Subject: Response to request for info
From: avlab::mrgate::"a1::raethpg"%avlab.dnet@wrdc.af.mil
Date: Thu, 31 Oct 91 07:05:37 -0500

[[ Editor's Note: This was from a request for "beginner's software." I
certainly assume Raeth has no connection to NeuralWare except as a
satisfied customer. Do any of you readers have favorite commercial
software packages? -PM ]]


From: NAME: Major Peter G. Raeth
TEL: AV-785 513-255-7854 <RAETHPG AT A1 AT AVLAB>

The attached email was my attempt to respond to a request for information
contained in Neuron Digest. Our system could not make the proper
connections. I'm sending it on to you since you sometimes put reader
responses in the digest itself.

Best.

Pete.

Subject: Exploring Neural Networks
To: "rey@esrf.uucp"@labddn@mrgate@avlab,
NAME: Mr Vincent Rey Bakaikoa <PAPER MAIL AT A1 AT AVLAB>

The best tool I am aware of for exploring neural networks and their
applications to specific problems is NeuralWorks Explorer produced by
NeuralWare, Inc. If you find the package worthwhile, it can be upgraded
in NeuralWorks Professional II. Contact:

Mr Kevin Coleman or Mr Casey Klimasauskas
NeuralWare, Inc
Penn Center West, Bldg IV, Suite 227
Pittsburgh, PA 15276 USA
(Voice: 412-787-8222, Fax: 412-787-8220)

Good luck in your continuing research.


------------------------------

Subject: Neuron simulation - who's doing it?
From: amtw@cl.cam.ac.uk (Adrian Wrigley)
Organization: U of Cambridge Computer Lab, UK
Date: 02 Nov 91 00:22:42 +0000

Sent to comp.ai.neural-nets but without any response:

> What is the current state-of-the-art in simulation of biologically
> plausible neural networks?
>
> By biologically plausible, I mean ones that propagate impulses
> that affect membrane potentials and synaptic weights by some
> nonlinear, perhaps time-variant law. (i.e. NOT back/prop etc.!).
>
> In particular, how many synapses/neurons are being simulated at what
> rate by the best worstations, and by supercomputers, with or without
> an 'accelerator'?
>
> I am interested in systems that could model part of the brain at the
> same rate as a live brain, i.e. a few hundred pulses/sec at most.
>
> Adrian Wrigley

This was probably a dumb question to ask anyway on c.ai.nn, so I'll
try another (no bordeom flames please - I'm new to this game and don't know
the jargon!). . .

Who out there has a simulation of groups of neurons operating with pulses
and local adaption algorithms? I have been thinking of setting up a
system using 1000+ neurons operating on speech spectra in real time, and
was wondering how succesful simple (modified) Hebbian learning would be
at recognising phonemes/words? (which is the most appropriate newsgroup
for this?)

Adrian Wrigley
Cambridge University Computer Laboratory, England.
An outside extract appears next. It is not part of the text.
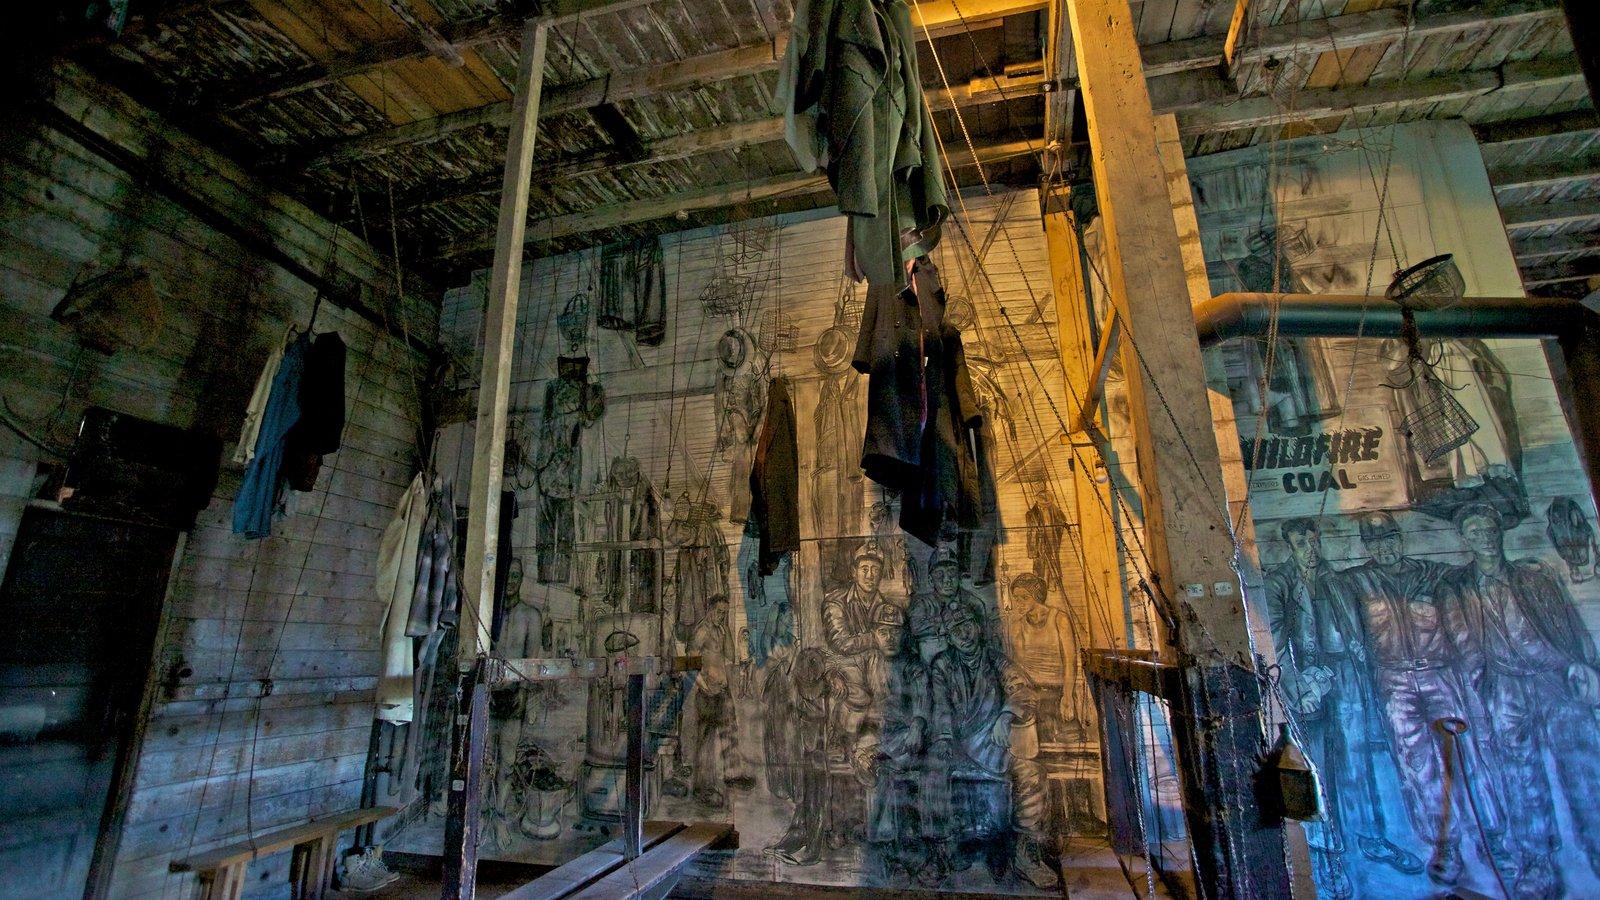 Atlas Coal Mine National Historic Site showing interior views
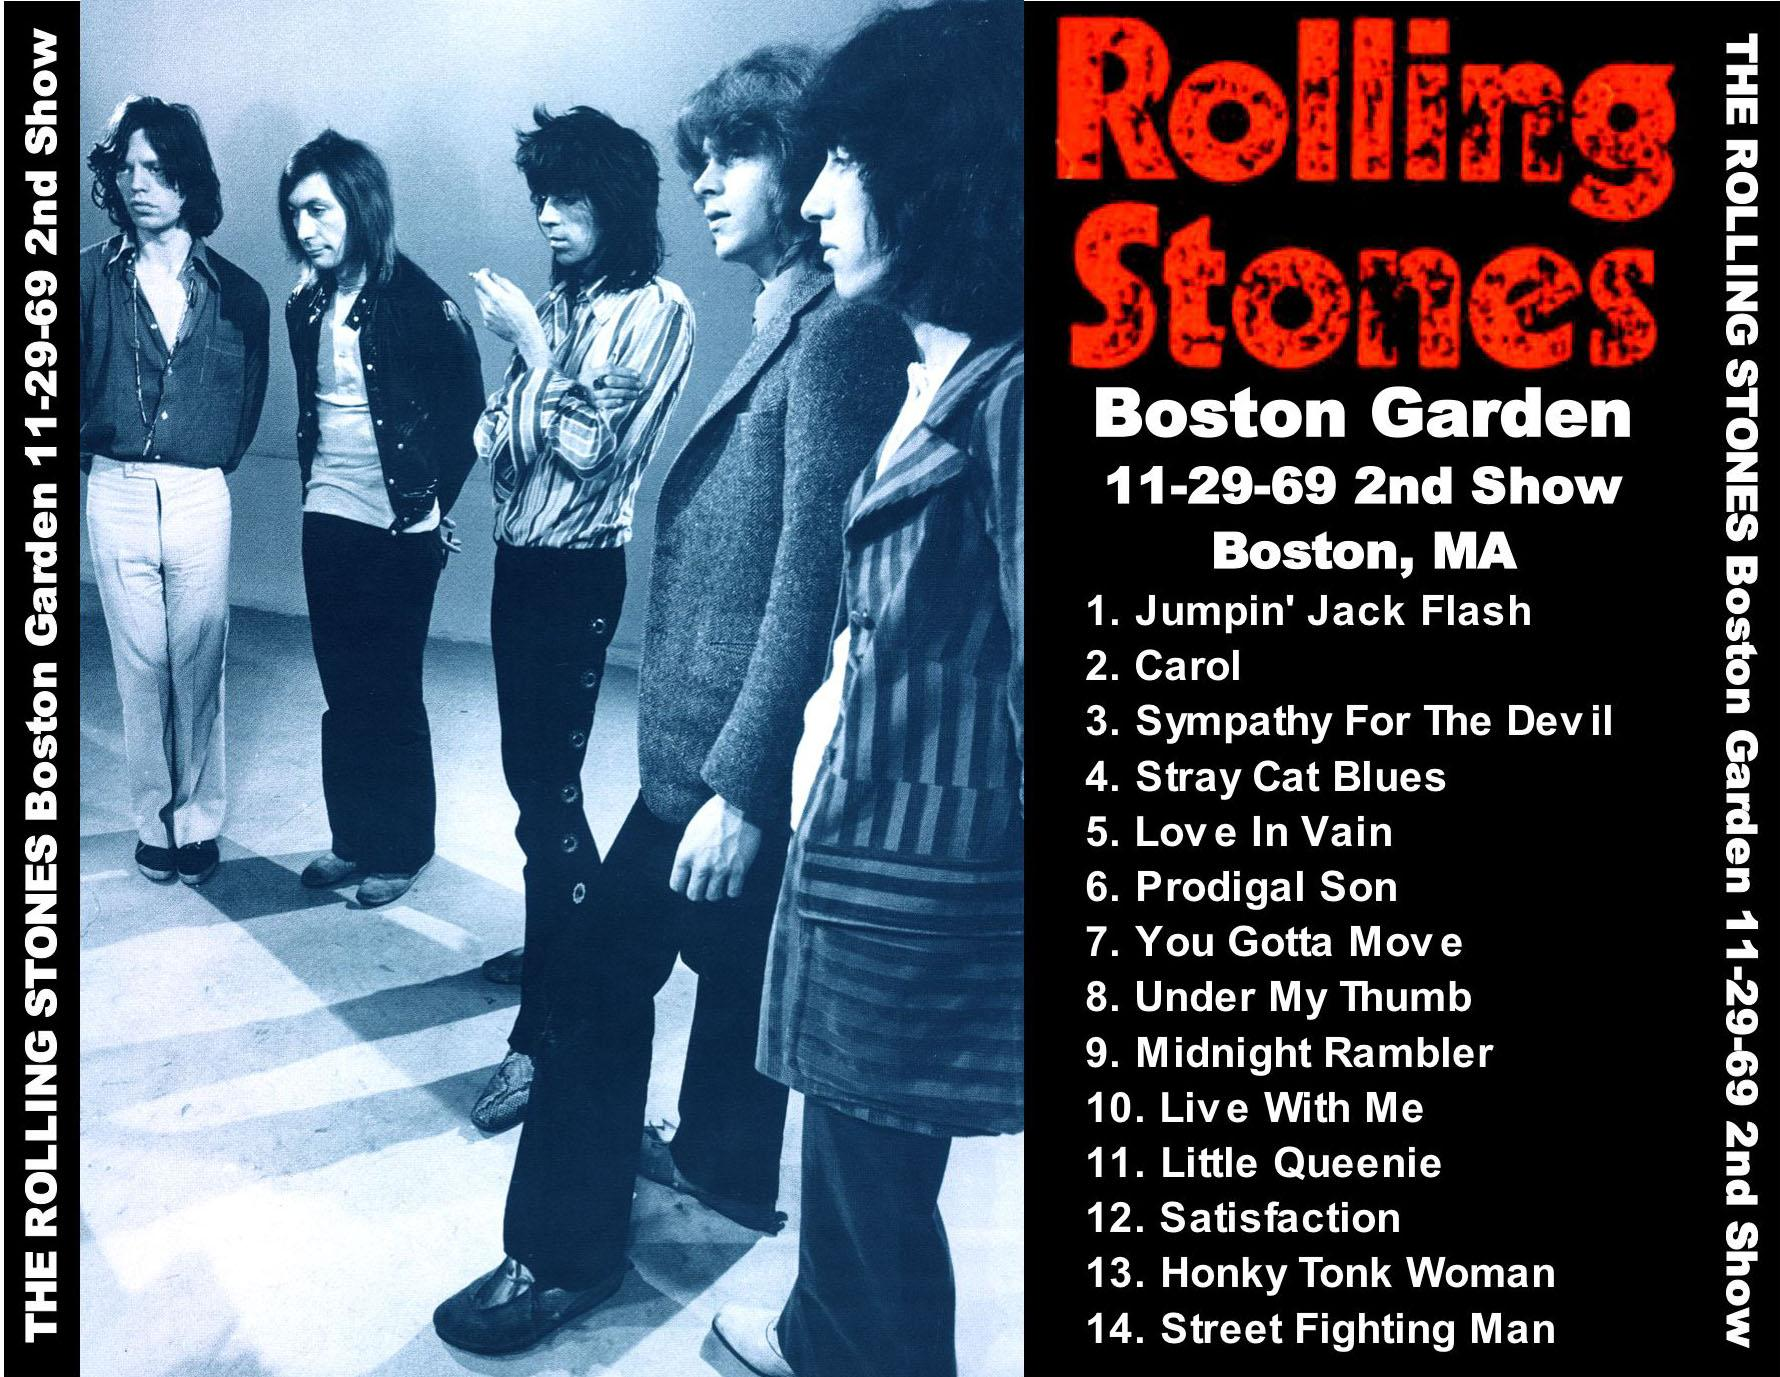 Rolling Stones - Boston Gardens - Boston, Mass  - November

------------------------------

Subject: Re: Neuron simulation - who's doing it?
From: ratnam@leipzig.ks.uiuc.edu (Rama Ratnam)
Organization: University of Illinois at Urbana
Date: 02 Nov 91 22:58:53 +0000


I seriously doubt whether a simulator for biological networks exists,
that combines learning with the modelling. I may be ignorant but i think
this would be fairly deficult to develop.

I do have some info for you (if it is of any help)

1.There is a simulator from Caltech which i modified to suit our research
requirements. The simulator was originally developed at Caltech by a
group of people working on the cat visual cortex. It runs on the
Connection machine.

I routinely simulate 24,000 neurons and approx 5 Million synapses. This
is pretty large and ties up the CM for quite a while (about 1.5 hours per
8k CM sequencer). (I'd believe that this is currently the largest scale
simulation going around)

2.Another simulator is BIOSIM developed by the SANS group at the Royal
Institute of Technology in Sweden. This is a really detailed model based
on Compartments and the Hodgkin-Huxley equations. It also runs on the CM,
but a serial version called SWIM (also developed by the group) is useful
for small groups of neurons. Both simulators model channels.

3. GENESIS, also developed at Caltech is another simulator that runs on
serial machines. It has an X interface. I have never tried it out, but a
couple of my group members use it.

The caltech simulator (the CM one) works on populations and pathways,
does not simulate dendritic compartments, doesn't care too much about
channels and uses a leaky integrate-and-fire model.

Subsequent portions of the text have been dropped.